Ministro, você tem arado algumas rochas estéreis e até agora nenhum feixe alegre alegrou seu coração. Você deve, sem dúvida, "Voltar, regozijando-se, trazendo seus molhos com você". E você, ó Igreja de Deus, sofrendo pelas almas, reunindo-se diariamente em oração, implorando aos homens que venham a Cristo, e se eles ainda não estiverem salvos? A manhã chega, a noite já passou e o próprio Mestre logo aparecerá. E embora Ele possa não encontrar fé na terra, ainda assim o Seu advento trará à Sua Igreja o sucesso pelo qual ela esperou - tal sucesso que, assim como uma mulher não se lembra mais de suas dores de parto porque um homem nasceu no mundo - assim a Igreja não se lembrará mais de suas labutas, seus esforços e suas orações, porque o reino de Cristo chegou e Sua vontade é feita na terra assim como é no céu.

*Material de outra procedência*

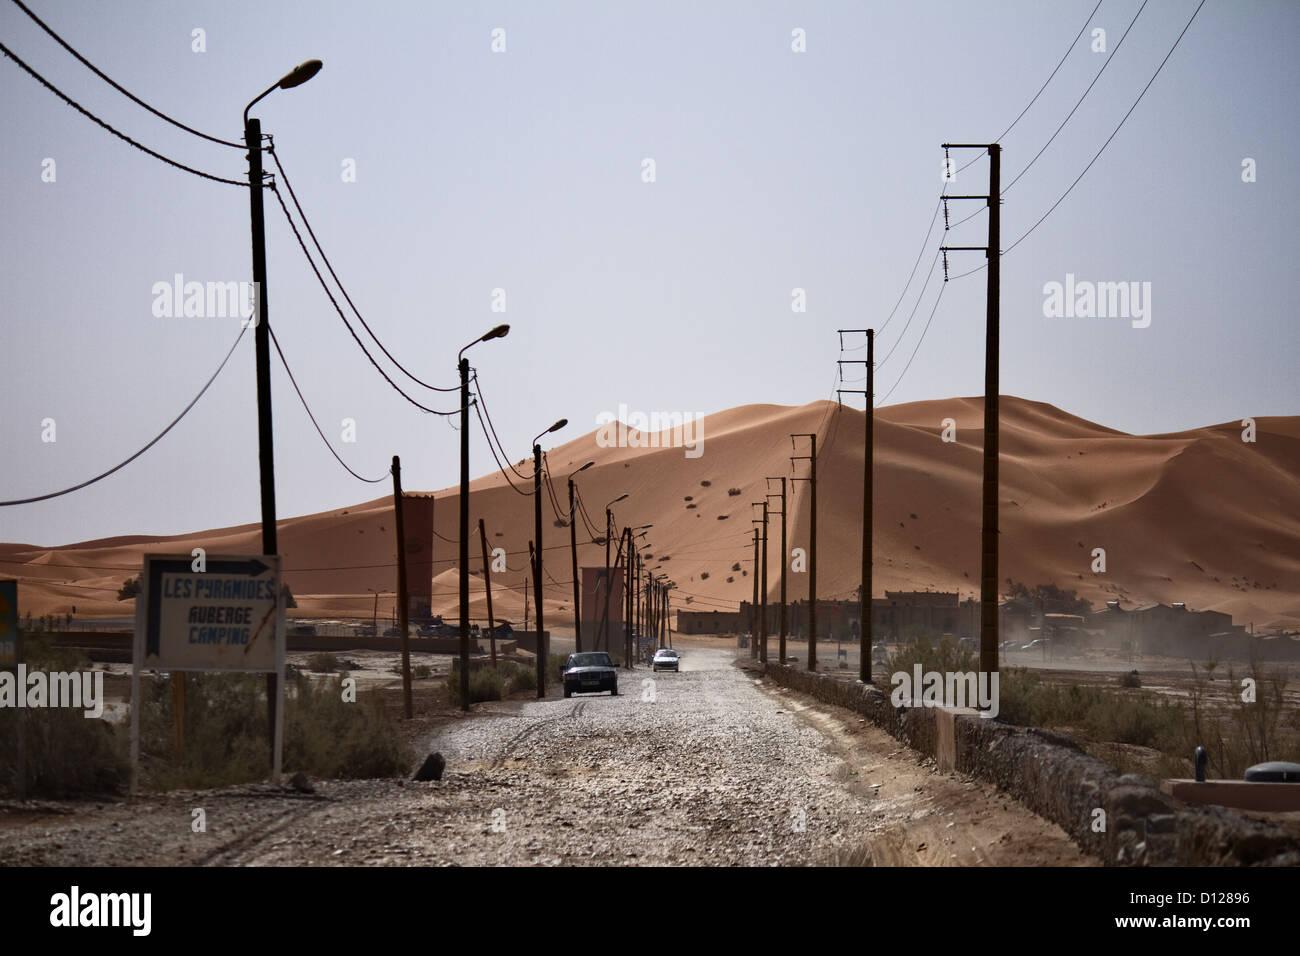 Merzouga, Erg Chebbi, Sahara, Morocco, Dune, Street - Stock Image

Trabalhe, queridos amigos! Se houver algum de vocês que não esteja trabalhando, comece agora. Se houver algum de vocês que ainda não foi salvo, o Senhor conceda que quando a Palavra for pregada, você possa ser pego nela como numa rede. Nós jogamos fora uma vez esta manhã. Esperamos lançá-lo novamente esta noite. “Creia no Senhor Jesus Cristo e você será salvo”, pois “aquele que crer e for batizado será salvo e aquele que não crer será condenado”.
Fuja para Cristo! Fuja da ira que está por vir! Que o Espírito aplique essa Palavra a você e o conduza ao lugar onde no alto do Calvário, com mãos e pés sangrando, o Salvador morre! Um olhar para Ele e você está salvo. Olhe, pecador, e viva! Deus te salve, pelo amor de Cristo! Amém.